Ya, tradisi khataman al-Qur'an memang merupakan bagian daripada kebiasaan masyarakat Islam, lebih-lebih masyarakat muslim Indoensia. Salah satu kebiasaan umat Islam ketika telah mengkhatamkan al-Qur'an, maka mereka kembali membaca awal surah al-Baqarah lagi (mengulang bacaan).


Hal ini diamalkan oleh para ahli ilmu Qiraah. Amaliyah mereka tersebut berdasarkan hadis Nabi Saw berikut:

قال رجل: يا رسول الله أي العمل أحب إلى الله؟ قال: «الحال المرتحل». قال: وما الحال المرتحل؟ قال: «الذي يضرب من أول القرآن إلى آخره كلما حل ارتحل
"Seorang sahabat bertanya: Wahai Rasul Allah, amal apa yang paling dicintai Allah?
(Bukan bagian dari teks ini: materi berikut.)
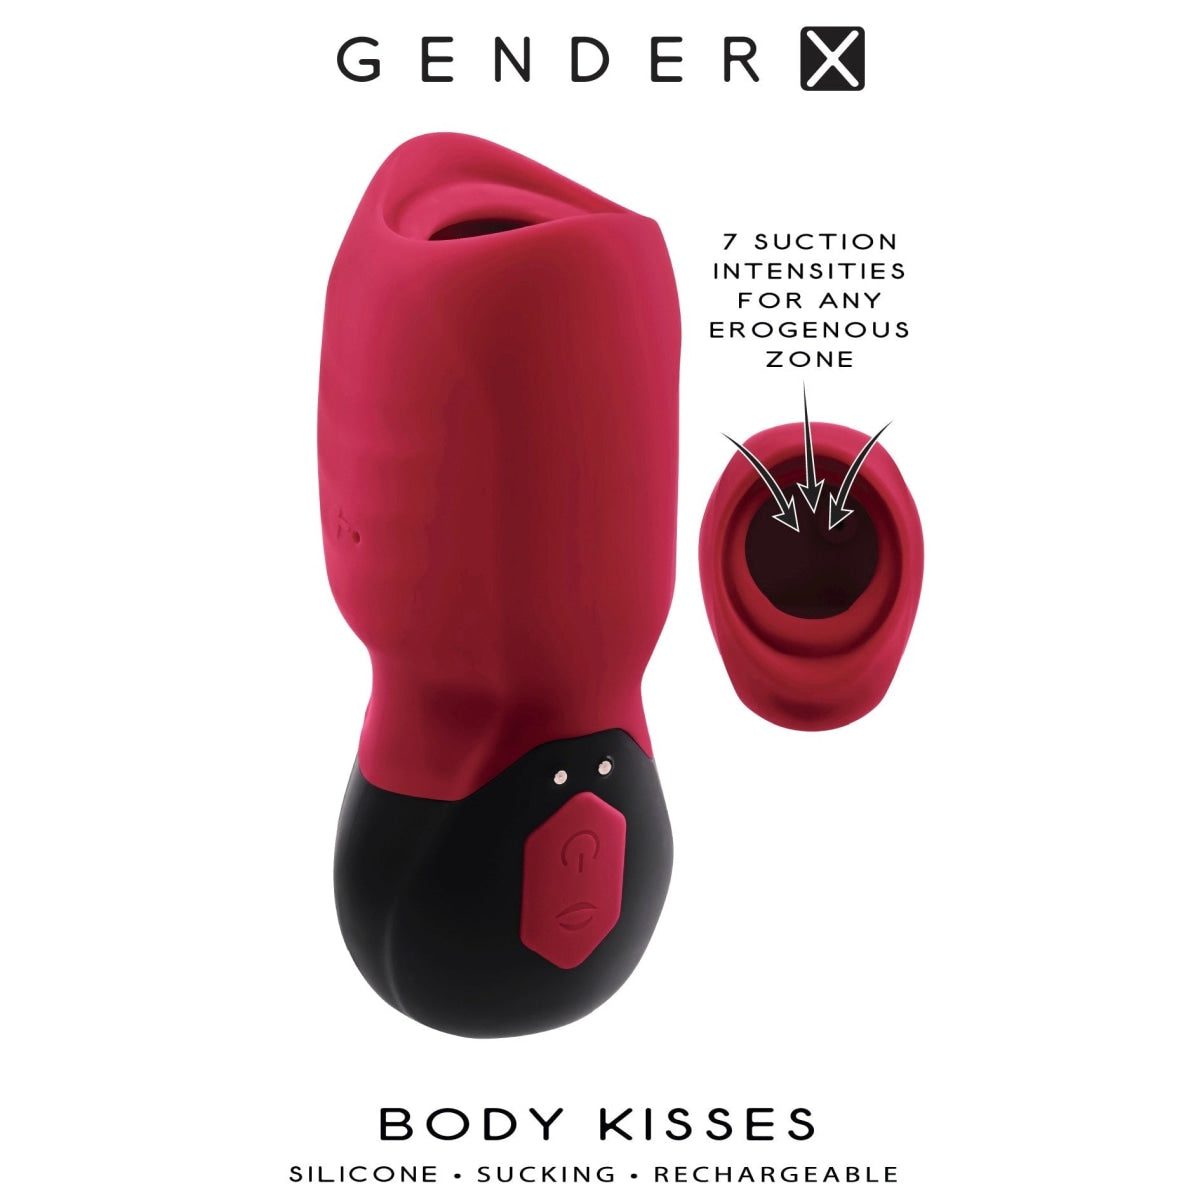 Gender X Body Kisses Intimates Adult Boutique

Nabi menjawab: "Adalah orang yang telah sampai dan orang yang berangkat". Ia bertanya: "Apa itu?" Nabi menjawab: "Yaitu orang yang membaca al Quran dari awal hingga akhir. Setiap ia sampai (khatam), maka ia memulai kembali" (HR Tirmidzi, ia menilai gharib)


Dari hadis ini, menurut Imam al-Jazari, para ulama ahli qiraah di Makkah setiap selesai khatam al-Quran maka memulai lagi membaca 5 ayat surat al-Baqarah (Tuhfat al Ahwadzi Syarah Sunan al Tirmidzi)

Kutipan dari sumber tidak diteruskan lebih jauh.